New York

2 Upstate New York Pre-Teen Girls Charged With Racist Attack on Bus

The victim suffered a black eye from being punched, a bruised knee from falling backward into the school bus seat and pulled-out hair

What to Know

  • Two white girls, ages 10 and 11, from upstate NY have been charged with harassment for an attack against a 10-year-old African American girl
  • Gouverneur village police say the 11-year-old was also charged with assault as a hate crime for the attack earlier this month
  • The victim suffered a black eye from being punched, a bruised knee from falling backward into the school bus seat and pulled-out hair

Two middle-school students face charges after the mother of a 10-year-old girl reported her daughter was beaten and subjected to racist taunts on a school bus in northern New York.

Gouverneur village police charged two white girls, ages 10 and 11, with harassment for an attack against a 10-year-old African American girl earlier this month, WWNY reported.

The 11-year-old was also charged with assault as a hate crime. The case will be handled in family court.
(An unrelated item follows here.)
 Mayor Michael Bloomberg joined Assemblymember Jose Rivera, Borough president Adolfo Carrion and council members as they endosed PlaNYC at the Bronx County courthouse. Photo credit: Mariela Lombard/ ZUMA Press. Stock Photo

The 28-year-old bus monitor, who is white, was charged with endangering the welfare of a child for not intervening.

Police said the victim's parent reported the incident on Sept. 10, saying her daughter was beaten on a school bus and subjected to racially motivated language.

The victim suffered a black eye from being punched, a bruised knee from falling backward into the school bus seat and pulled-out hair, police said.
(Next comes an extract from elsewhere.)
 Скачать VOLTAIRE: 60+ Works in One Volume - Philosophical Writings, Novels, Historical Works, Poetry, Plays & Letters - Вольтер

Democratic Gov. Andrew Cuomo on Wednesday said he's directing the state Division of Human Rights to investigate the incident "and, if applicable, to take legal action to the fullest extent of the law against the perpetrators."

"That this was allegedly perpetrated by her own classmates, on a school bus with an adult monitor present, makes this incident even more shocking and troubling," Cuomo said in a statement. "When we put our children on the bus to school, we are entrusting others with our most precious resource and this was an egregious and inexcusable violation of that trust."